In your copy, leave out the pictures and output only the lines from the one holding "Tumi Capri Cross Body Bag - Black" through the end of the data below, exactly.

[[ Data shown open ]]

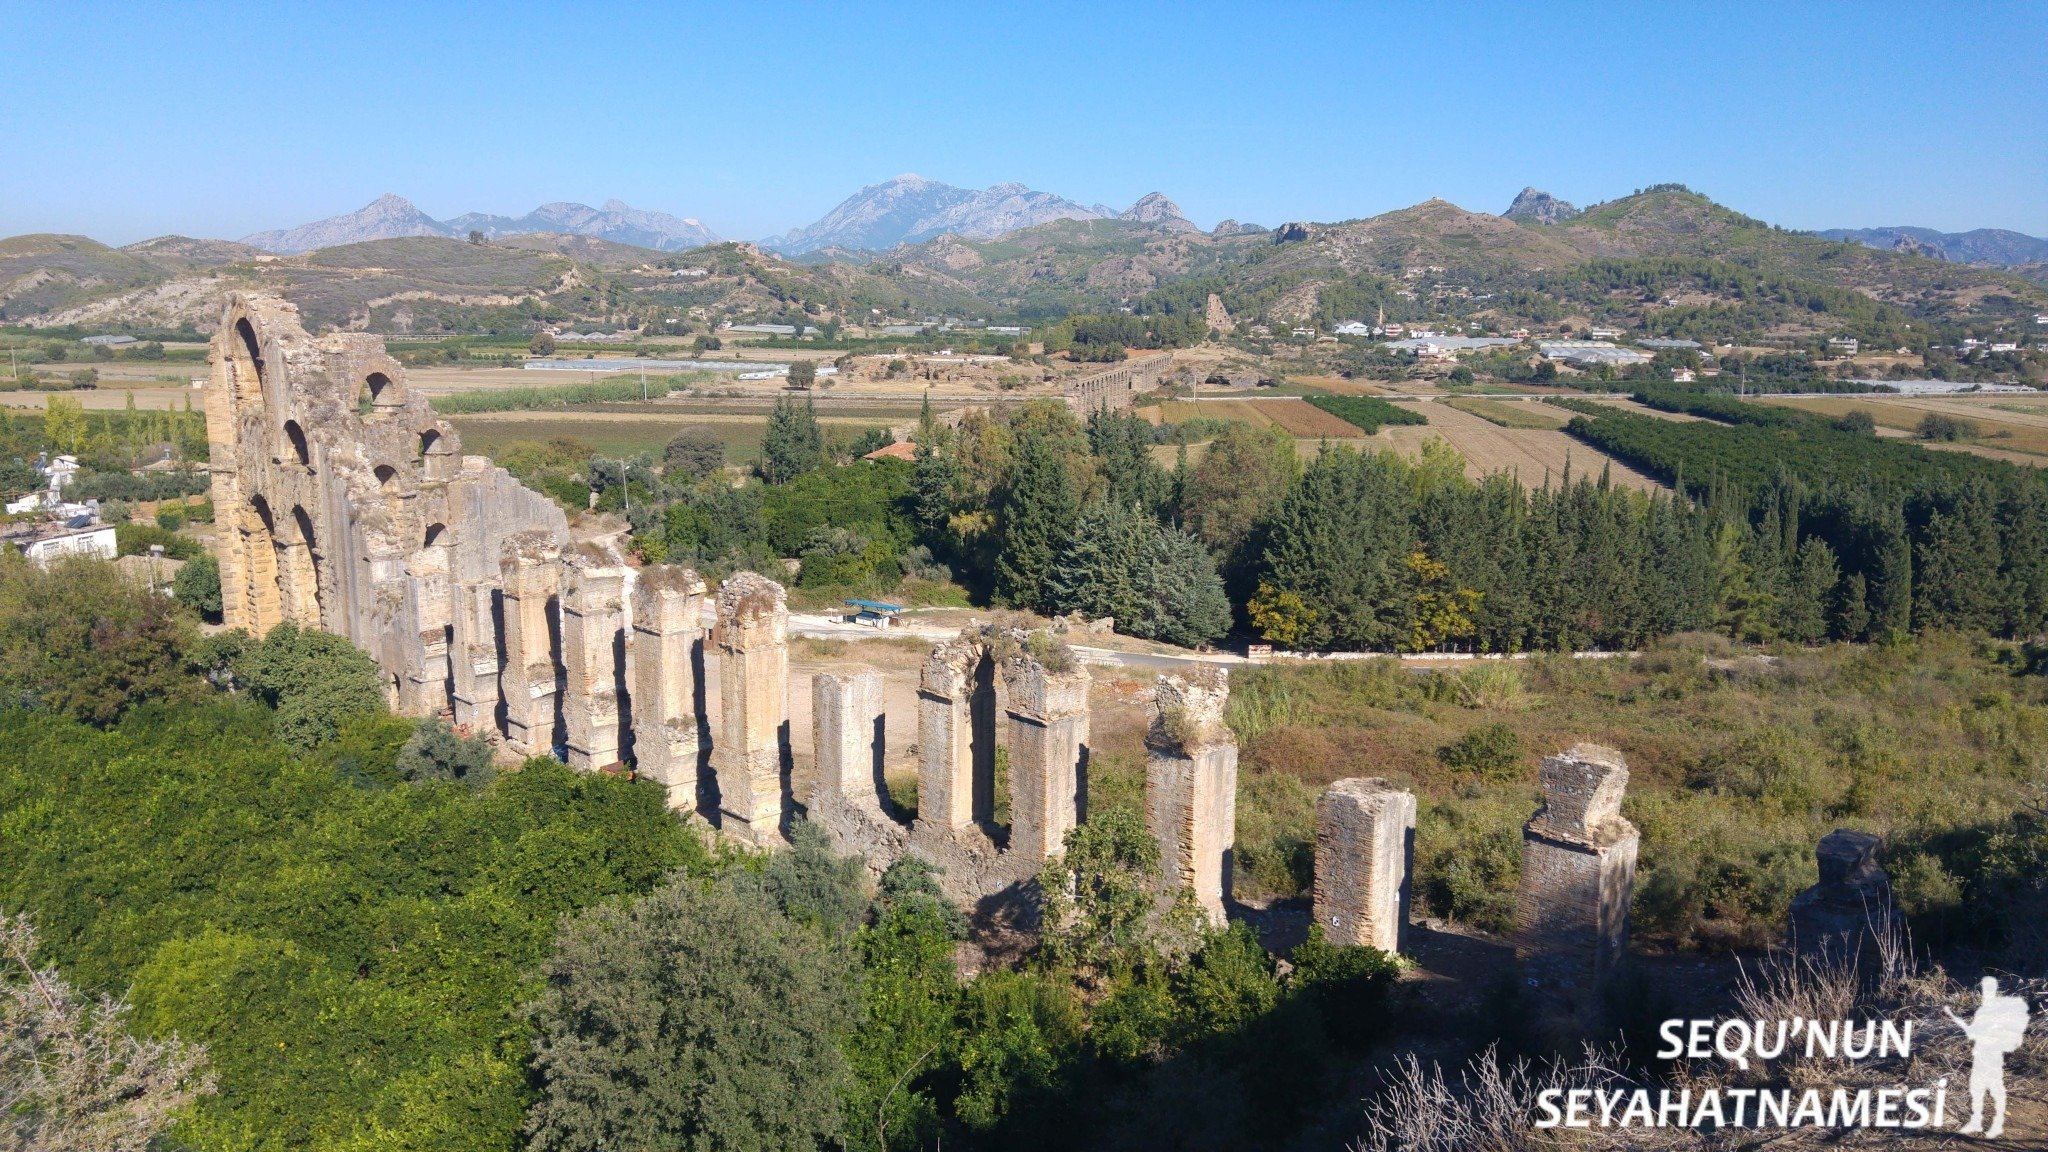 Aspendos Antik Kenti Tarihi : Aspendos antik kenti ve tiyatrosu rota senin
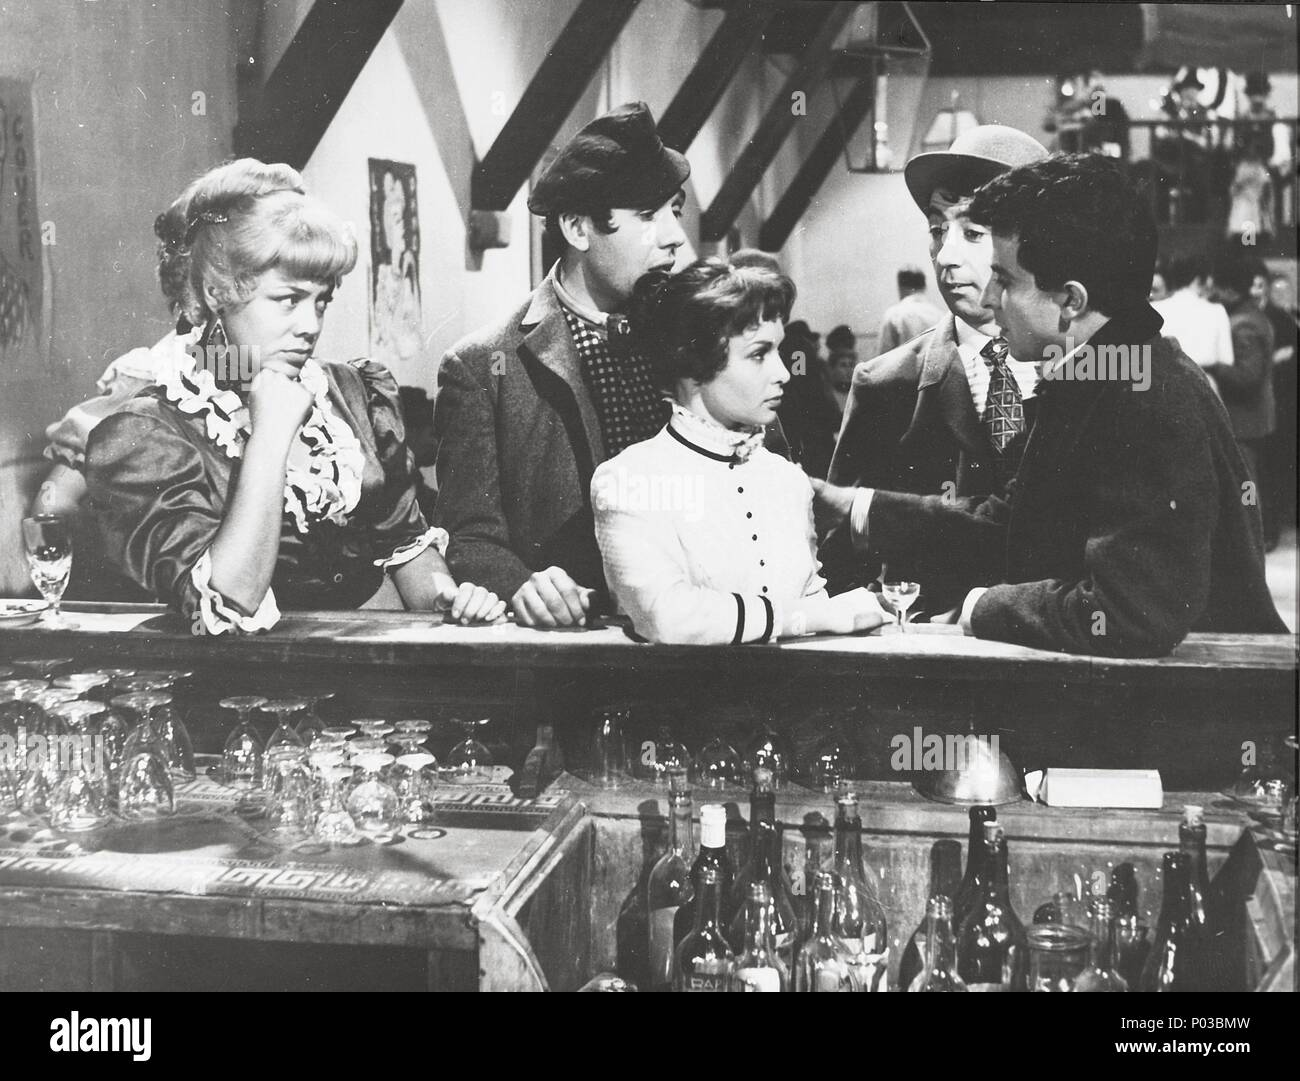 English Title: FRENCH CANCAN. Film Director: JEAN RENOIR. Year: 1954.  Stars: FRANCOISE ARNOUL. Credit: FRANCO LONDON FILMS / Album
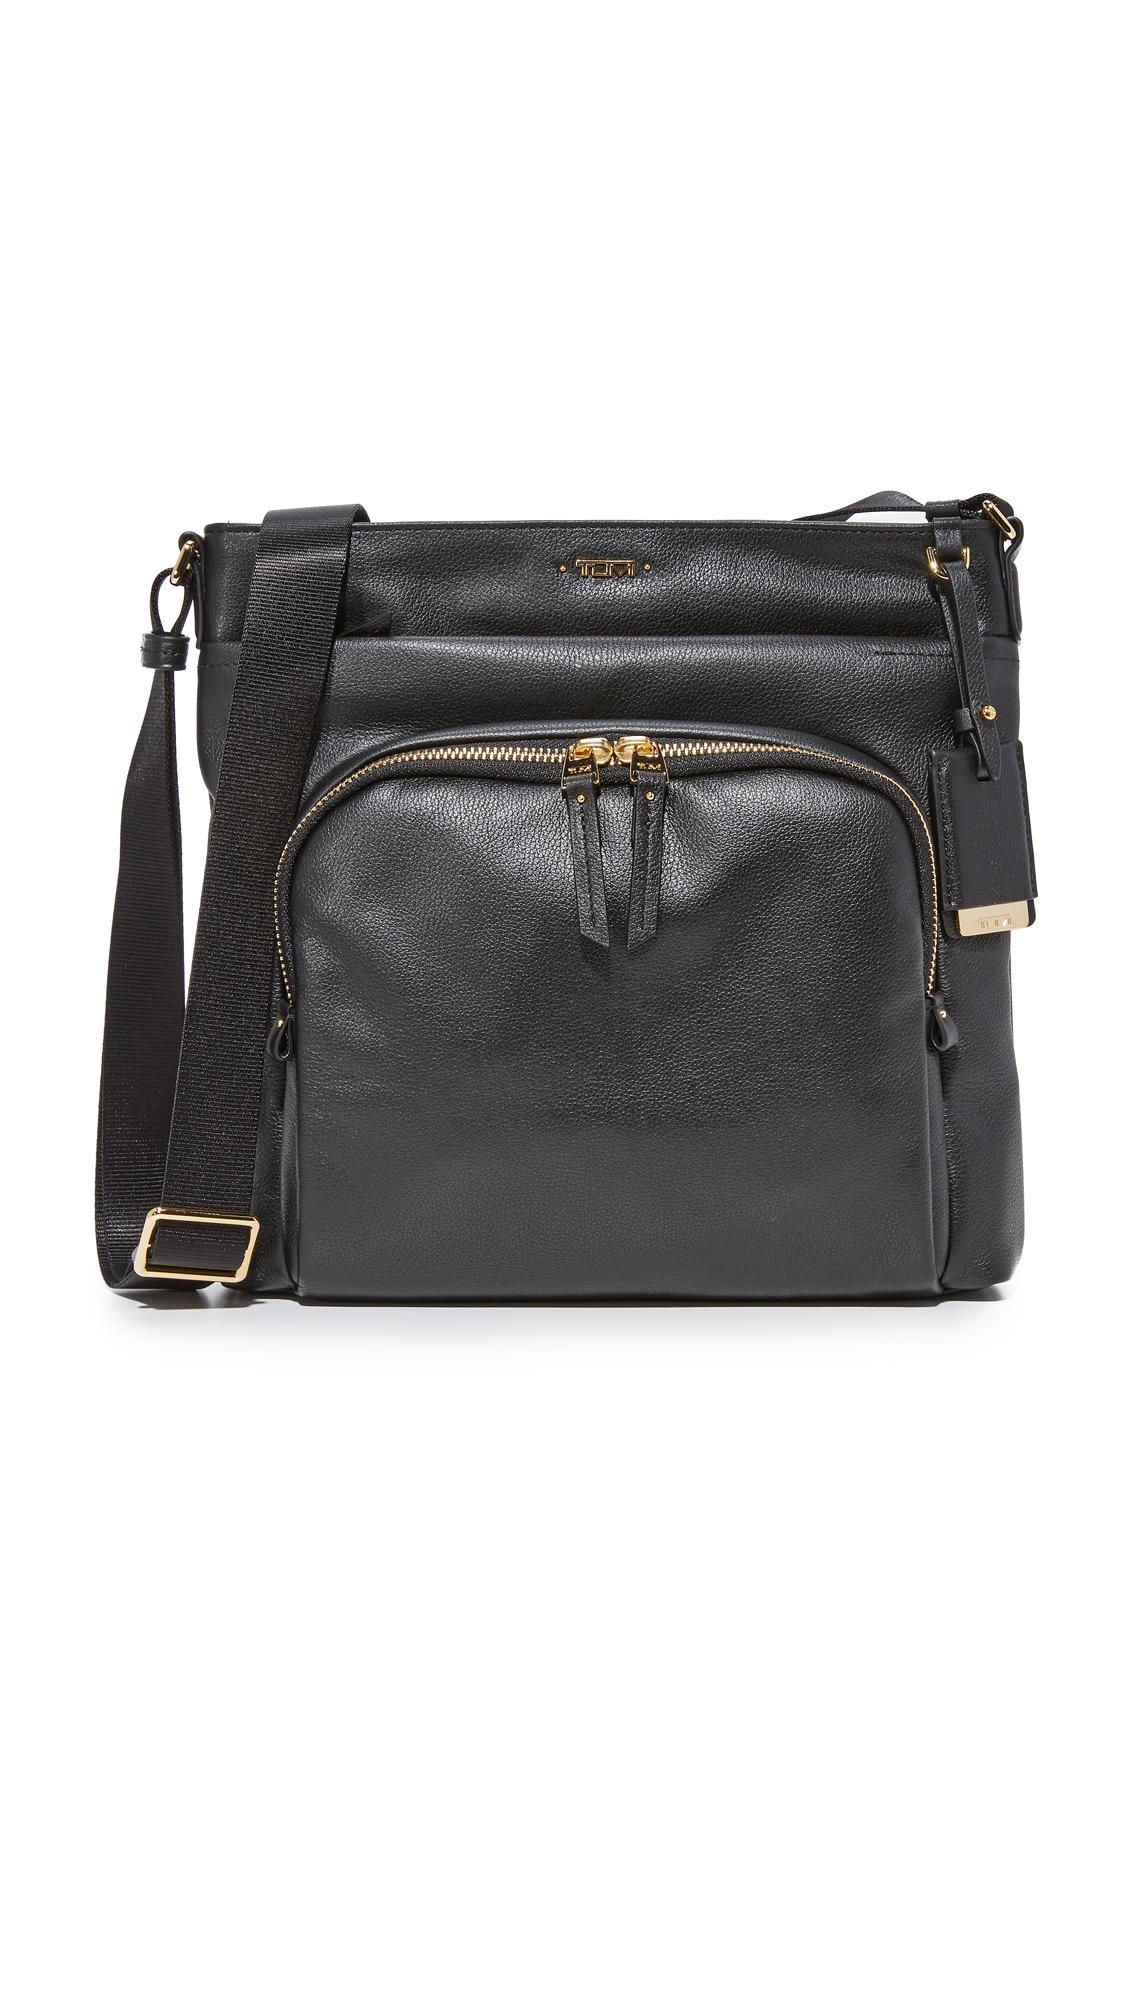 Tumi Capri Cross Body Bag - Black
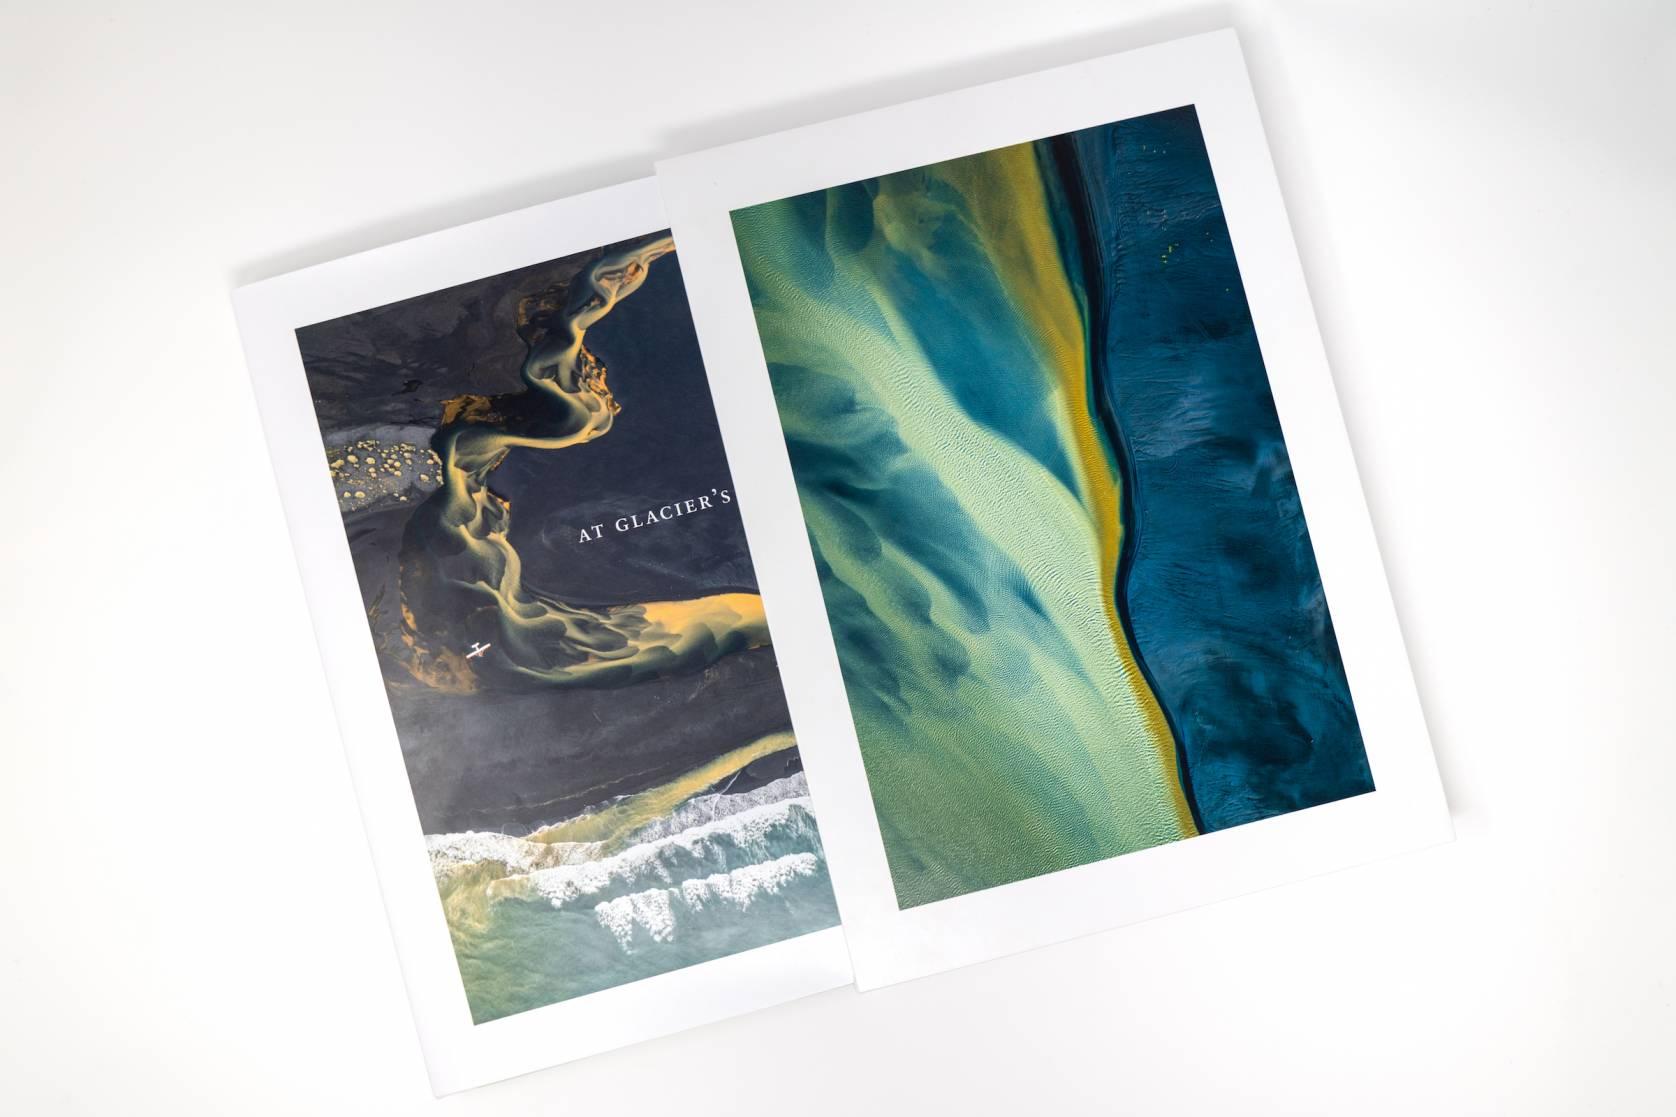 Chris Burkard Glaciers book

[[ Data shown closed ]]

## Response
 Tumi Capri Cross Body Bag - Black
 Chris Burkard Glaciers book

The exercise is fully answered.